* Data provided:
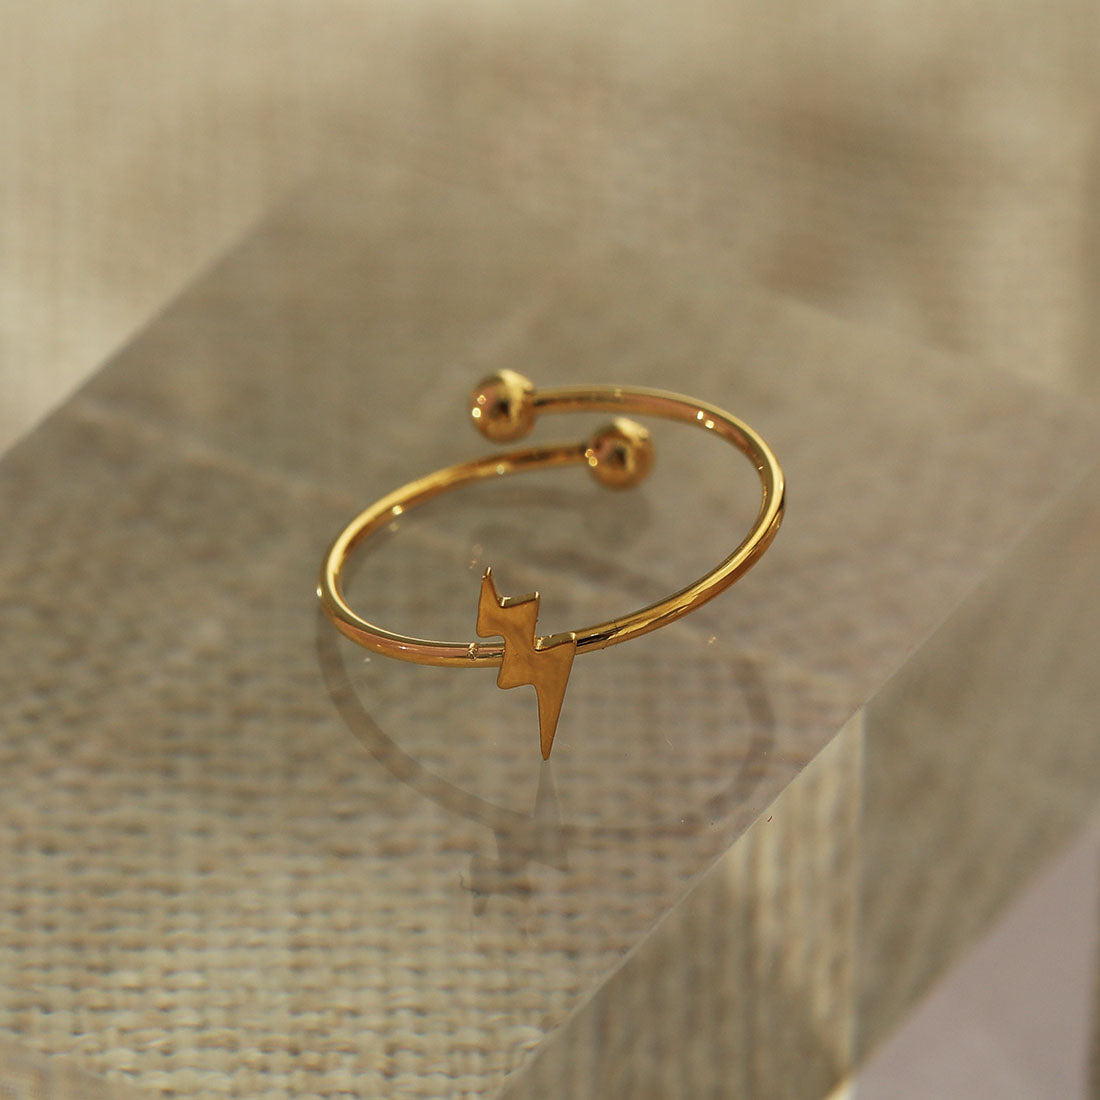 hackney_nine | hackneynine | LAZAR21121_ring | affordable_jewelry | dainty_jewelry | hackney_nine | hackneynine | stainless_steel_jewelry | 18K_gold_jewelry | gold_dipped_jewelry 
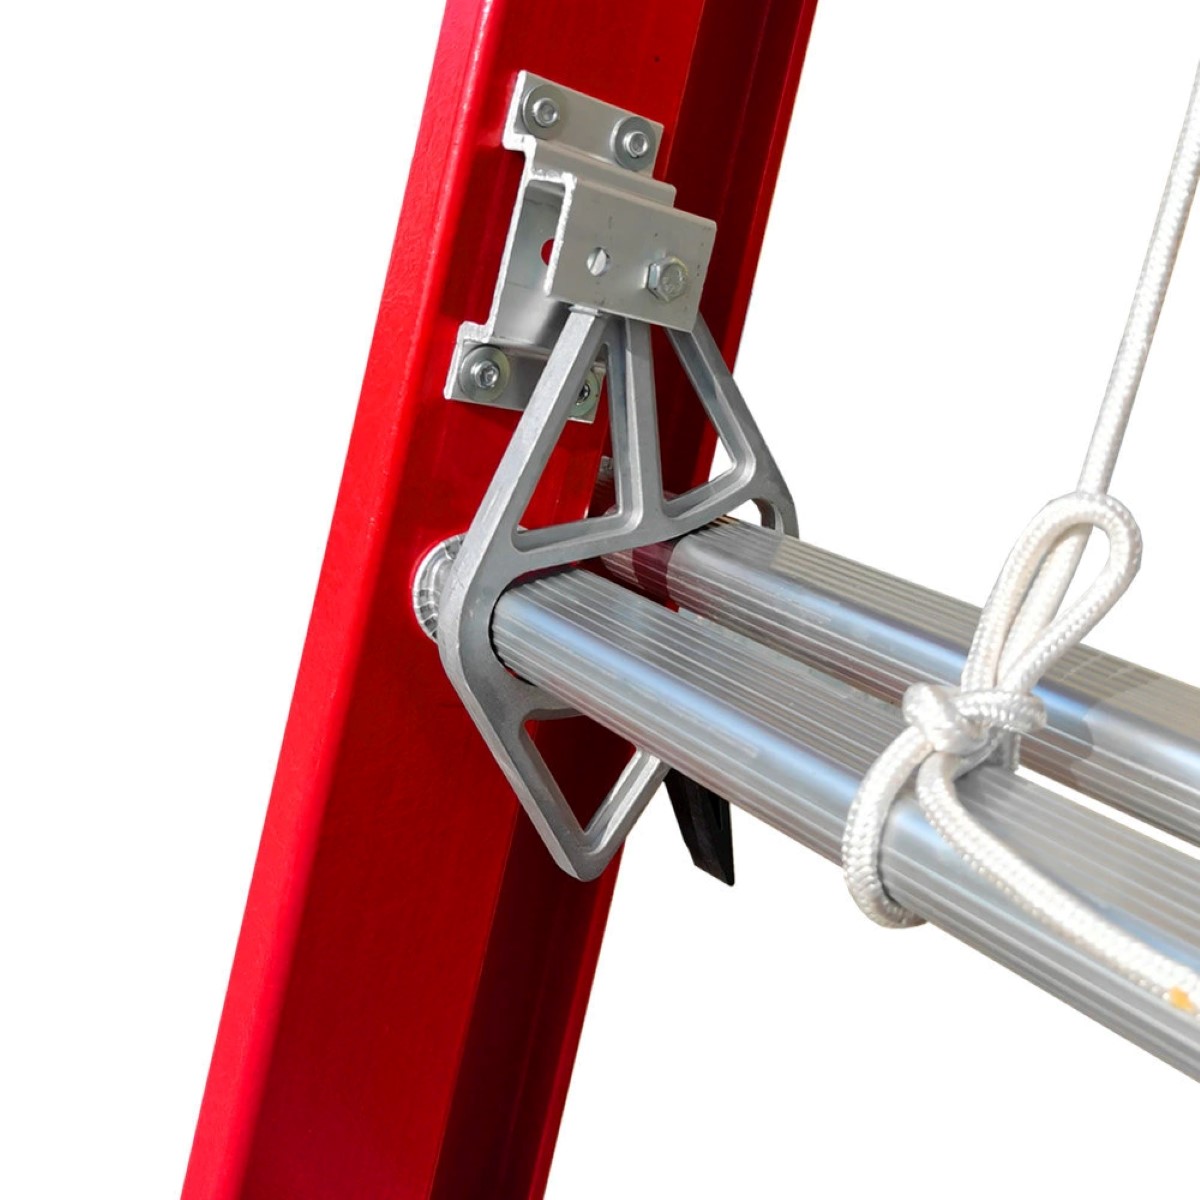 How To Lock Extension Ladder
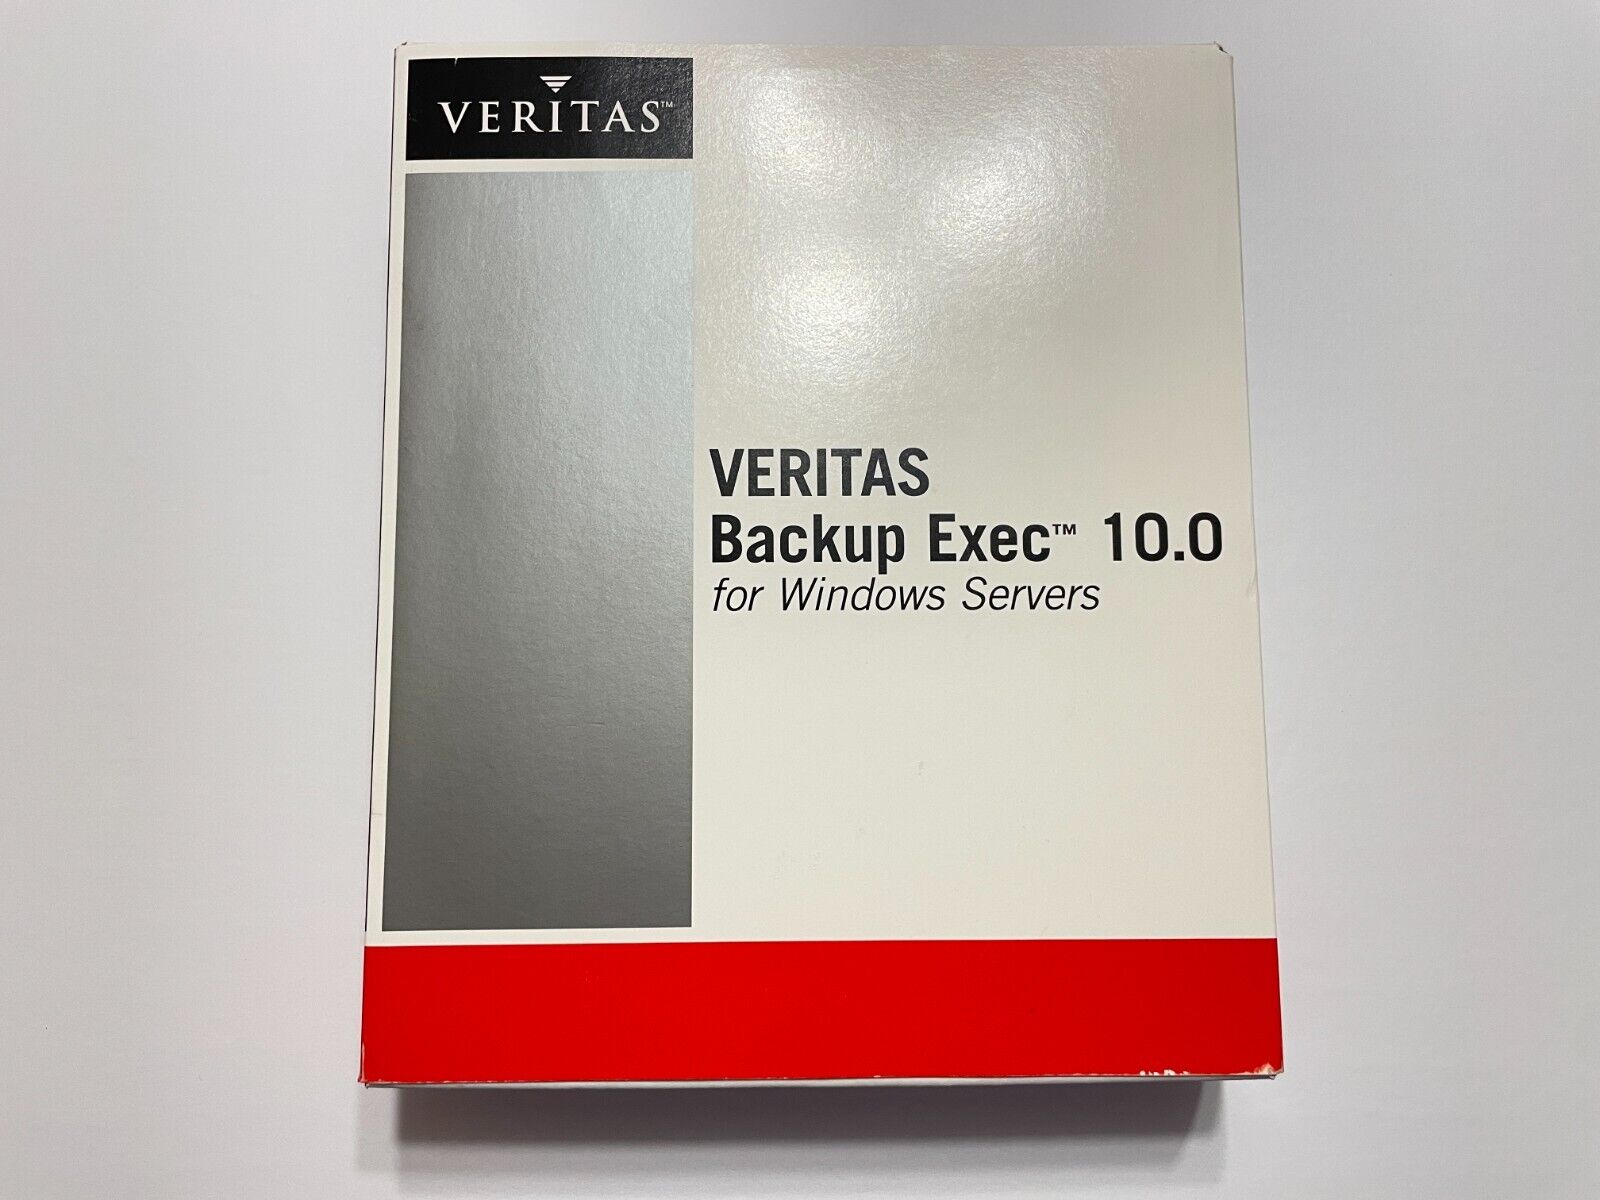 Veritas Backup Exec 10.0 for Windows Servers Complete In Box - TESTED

==

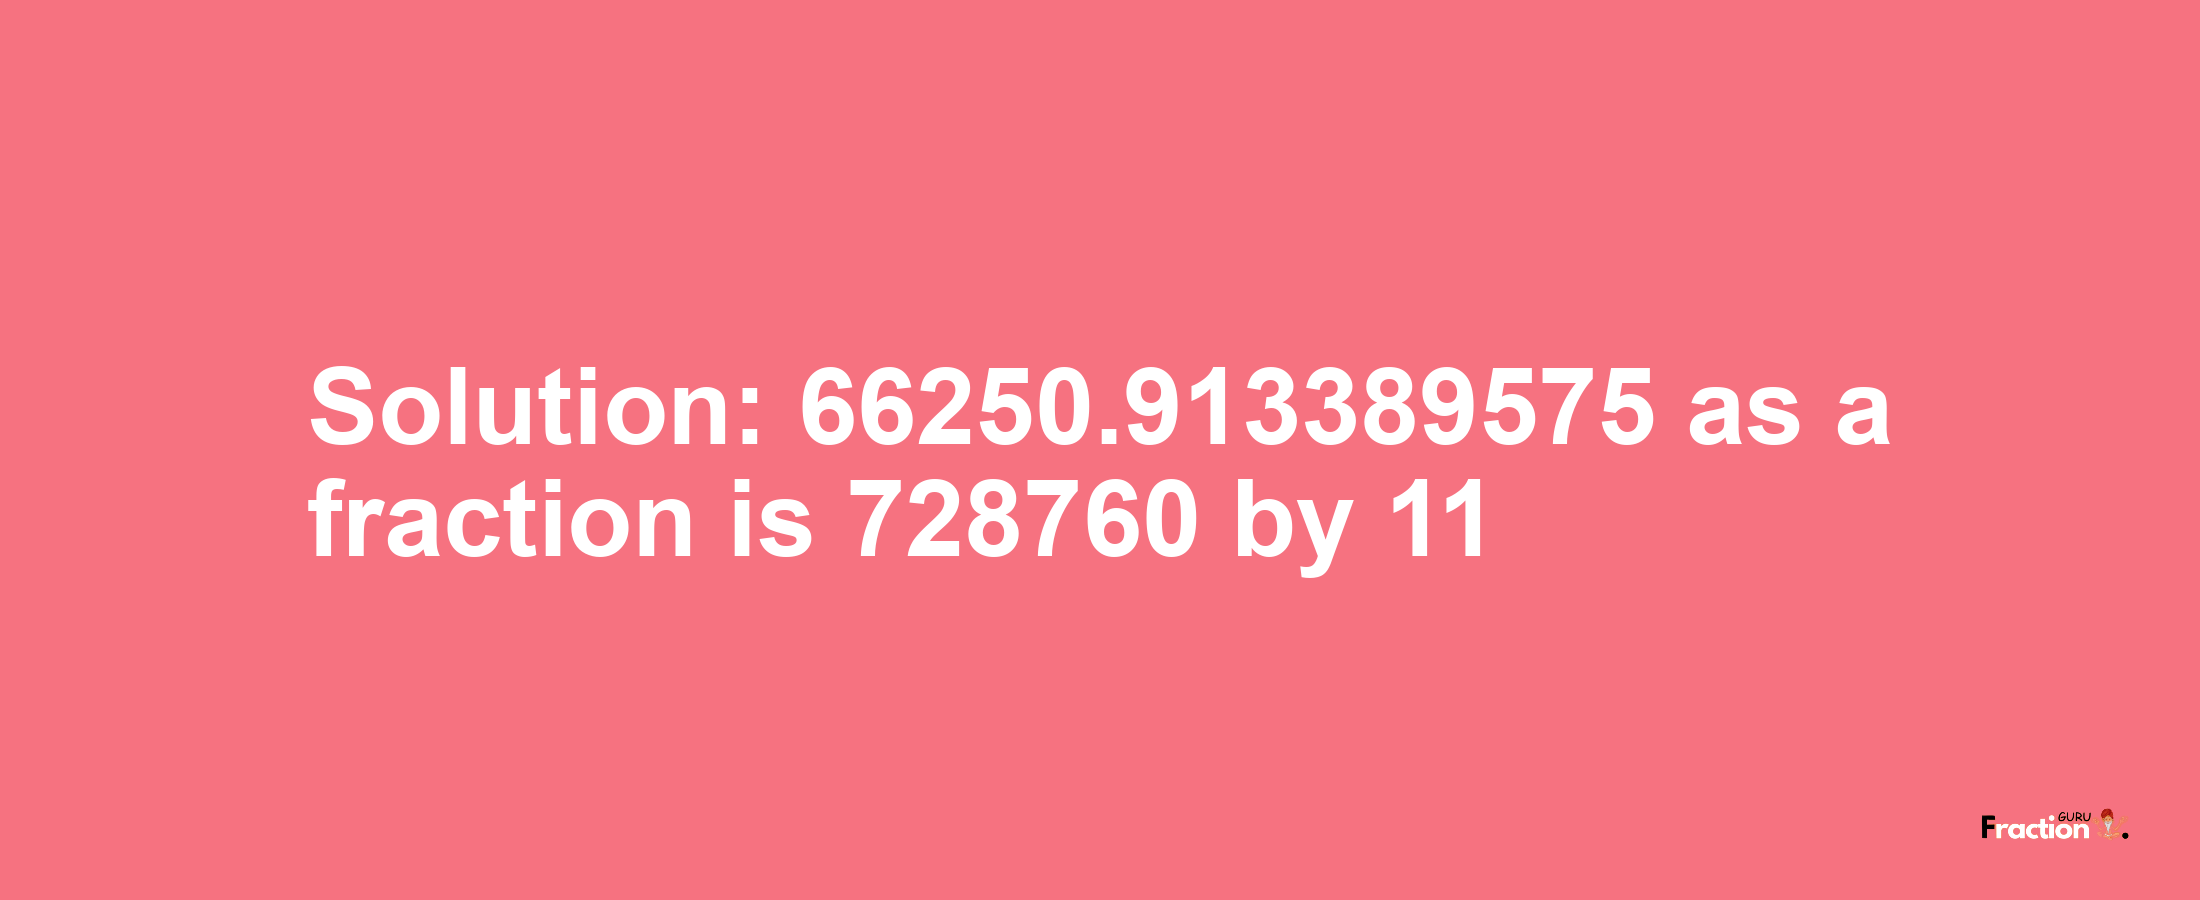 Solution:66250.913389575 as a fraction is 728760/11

--

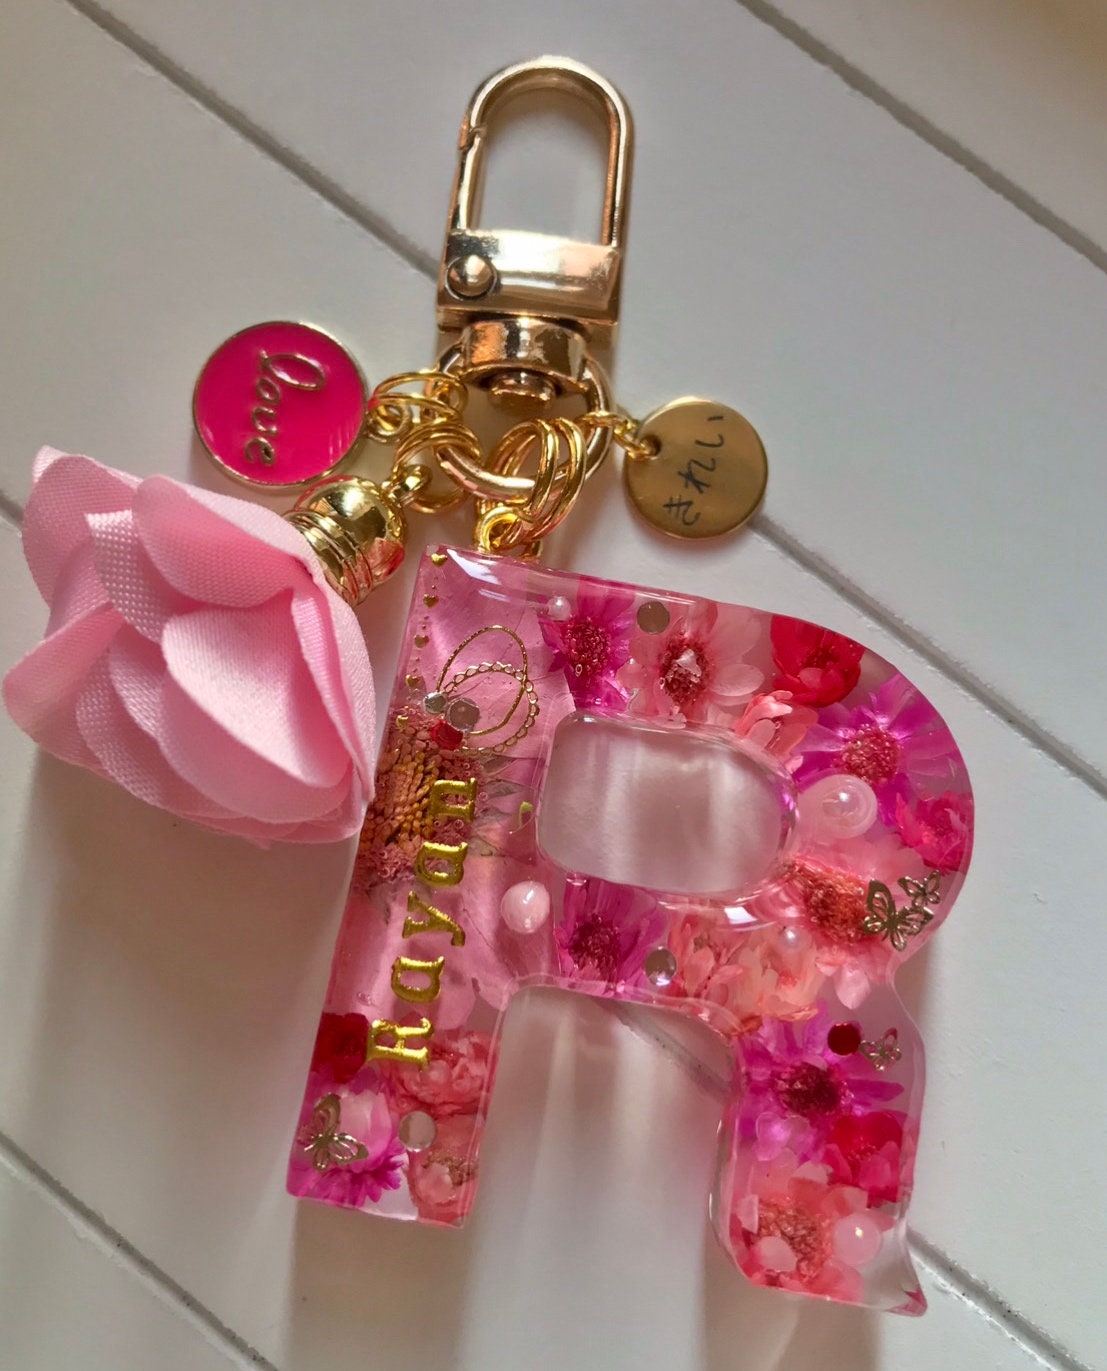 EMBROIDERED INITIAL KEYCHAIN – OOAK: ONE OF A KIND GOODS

* Required action: Copy nothing but the lines above that run from the one with "hackney_nine | hackneynine | LAZAR21121_ring" to the one with "Veritas Backup Exec", ends included; pictures stay out.

* Answer below:
 hackney_nine | hackneynine | LAZAR21121_ring | affordable_jewelry | dainty_jewelry | hackney_nine | hackneynine | stainless_steel_jewelry | 18K_gold_jewelry | gold_dipped_jewelry 
 How To Lock Extension Ladder
 Veritas Backup Exec 10.0 for Windows Servers Complete In Box - TESTED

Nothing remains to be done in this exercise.